Work instruction:
Leave every entry as it is and write the data out in full.

(Records from a collection)

-*-

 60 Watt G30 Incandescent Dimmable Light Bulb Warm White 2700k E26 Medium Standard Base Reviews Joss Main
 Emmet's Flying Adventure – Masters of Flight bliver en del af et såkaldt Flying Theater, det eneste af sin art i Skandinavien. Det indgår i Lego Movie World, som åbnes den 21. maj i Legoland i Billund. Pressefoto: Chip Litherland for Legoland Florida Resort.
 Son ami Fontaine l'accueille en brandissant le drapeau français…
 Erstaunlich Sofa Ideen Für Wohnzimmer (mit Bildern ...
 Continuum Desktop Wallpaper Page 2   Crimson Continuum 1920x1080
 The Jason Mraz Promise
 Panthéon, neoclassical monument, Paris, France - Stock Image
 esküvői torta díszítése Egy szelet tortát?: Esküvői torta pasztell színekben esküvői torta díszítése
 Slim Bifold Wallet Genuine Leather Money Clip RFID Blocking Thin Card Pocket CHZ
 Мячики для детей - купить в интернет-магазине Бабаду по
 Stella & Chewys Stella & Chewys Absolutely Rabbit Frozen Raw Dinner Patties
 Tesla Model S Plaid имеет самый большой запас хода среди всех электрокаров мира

-*-

Solution to this problem:
 60 Watt G30 Incandescent Dimmable Light Bulb Warm White 2700k E26 Medium Standard Base Reviews Joss Main
 Emmet's Flying Adventure – Masters of Flight bliver en del af et såkaldt Flying Theater, det eneste af sin art i Skandinavien. Det indgår i Lego Movie World, som åbnes den 21. maj i Legoland i Billund. Pressefoto: Chip Litherland for Legoland Florida Resort.
 Son ami Fontaine l'accueille en brandissant le drapeau français…
 Erstaunlich Sofa Ideen Für Wohnzimmer (mit Bildern ...
 Continuum Desktop Wallpaper Page 2   Crimson Continuum 1920x1080
 The Jason Mraz Promise
 Panthéon, neoclassical monument, Paris, France - Stock Image
 esküvői torta díszítése Egy szelet tortát?: Esküvői torta pasztell színekben esküvői torta díszítése
 Slim Bifold Wallet Genuine Leather Money Clip RFID Blocking Thin Card Pocket CHZ
 Мячики для детей - купить в интернет-магазине Бабаду по
 Stella & Chewys Stella & Chewys Absolutely Rabbit Frozen Raw Dinner Patties
 Tesla Model S Plaid имеет самый большой запас хода среди всех электрокаров мира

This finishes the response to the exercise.